Prefix the column name with a minus sign: setorder(dt, -mpg) sorts mpg from high to low. For setorderv(), pass order = -1 instead, as in setorderv(dt, "mpg", -1). You can mix directions across columns, for example setorder(dt, cyl, -mpg) sorts cyl ascending and mpg descending.

What is the difference between setorder() and setkey()?

Both sort a data.table by reference, but setkey() also records the columns as the table's key and only sorts ascending. setorder() stores nothing and can sort in either direction. Use setkey() when you will subset or join on those columns repeatedly; use setorder() for a one-time sort.

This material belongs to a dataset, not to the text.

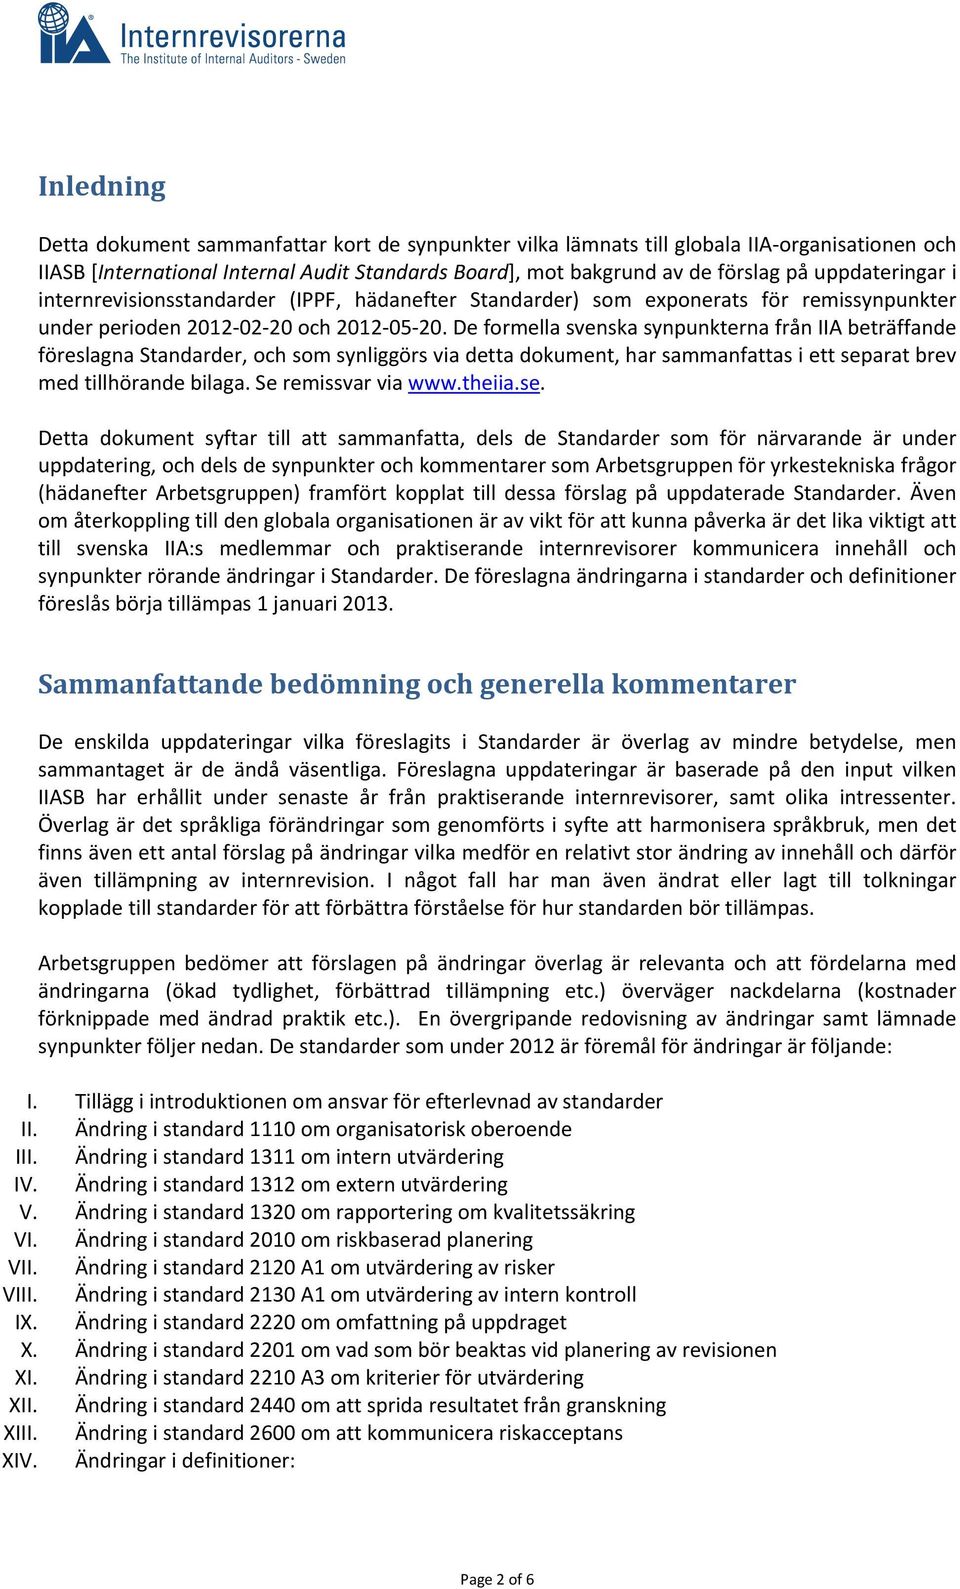 De formella svenska synpunkterna från IIA beträffande föreslagna Standarder, och som synliggörs via detta dokument, har sammanfattas i ett separat brev med tillhörande bilaga. Se remissvar via www.

Does setorder() create a copy of the data.table?

No. setorder() reorders the rows of the existing object in place, which is what "by reference" means. If another variable points to the same table, it is sorted too. Use copy() first when you need to keep the original row order.

How do I sort by a column name stored in a variable?

Use setorderv(), which accepts a character vector of column names. For example, cols <- c("cyl", "mpg"); setorderv(dt, cols) sorts by both columns. Pass an order vector such as c(1, -1) to set the direction of each column independently.